Мила весело засмеялась и даже захлопала в ладоши.

— Я с удовольствием пошла бы работать в такую службу. Столько признаний в любви за день — эта работа самая подходящая для женщин. Но, по-моему, вы несправедливы к молодёжи. Ей тоже нужно женское внимание. Мне так жалко этого юношу!

— Постойте, постойте, я, кажется, знаю, о ком вы говорите. Такой тёмненький, постоянно бродит по гостинице? Если это он, то поделом ему. Это тот ещё юноша. Они с виду все ангелы. — Последнюю фразу Жора сказал более искренне, чего Миле было достаточно, чтобы понять, что он не очень-то безразличен к приезду Вартаняна.

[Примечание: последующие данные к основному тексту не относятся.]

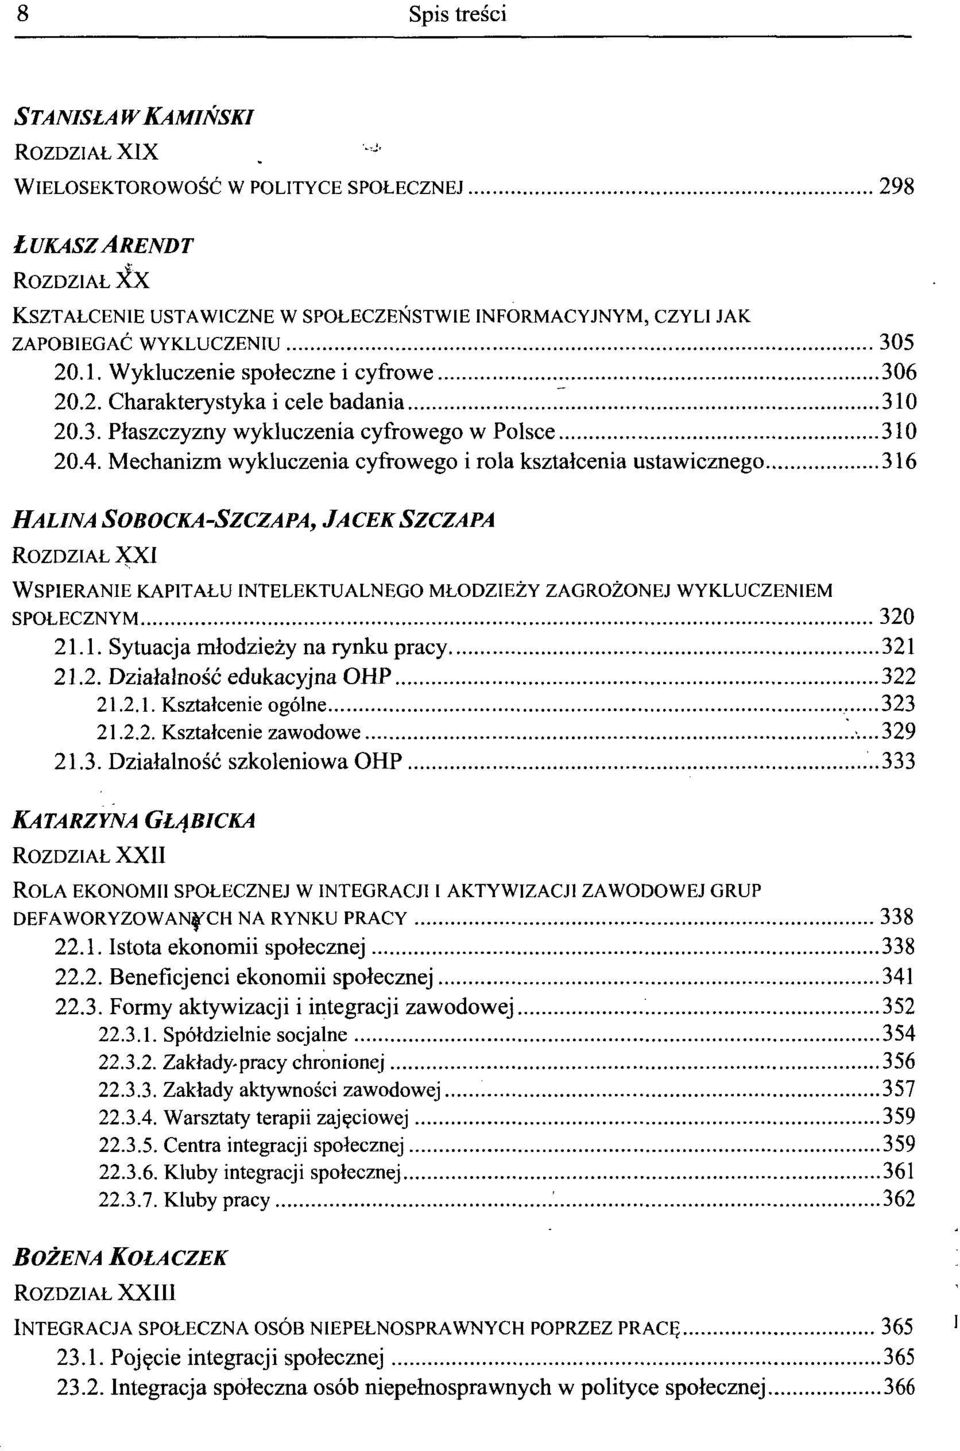 Wykluczenie spoleczne i cyfrowe 306 20.2. Charakterystyka i cele badania 310 20.3. Plaszczyzny wykluczenia cyfrowego w Polsce 310 20.4.

Потом они сидели и болтали о разных пустяках, и Жора ловил себя на мысли, что никак не может найти подходящий момент, чтобы предложить Миле выпить на брудершафт: каждый раз, когда он поднимал бокал и собирался сказать это, она выхватывала инициативу из его рук и сворачивала разговор в такую сторону, от которой до брудершафта было никак не достать. В процессе этой болтовни она выведала, где он работает. Жора словоохотливо ей всё рассказал, повысив, правда, себя с начальника отдела до начальника главка. И вдруг Мила стала прощаться.

— Ой, я всё болтаю да болтаю. А вам ведь завтра на работу, — прощебетала она, вставая.

— Я завтра могу и попозже…

— Нет, нет, лучше освобождайтесь пораньше.

Жора насторожился. Ему стало ясно, что она относится к тем женщинам, для которых определяющим в ухаживании за ними мужчин является сам срок ухаживания. Тогда всё просто — надо только не торопить события и беречь силы.

— Можно и так, если это вам удобнее.

— Или даже вот что. Если бы вы могли освободиться на весь день, вот было бы хорошо, а?

— На весь день… — Жора на минуту сделал вид, что задумался. — Ну только ради вас.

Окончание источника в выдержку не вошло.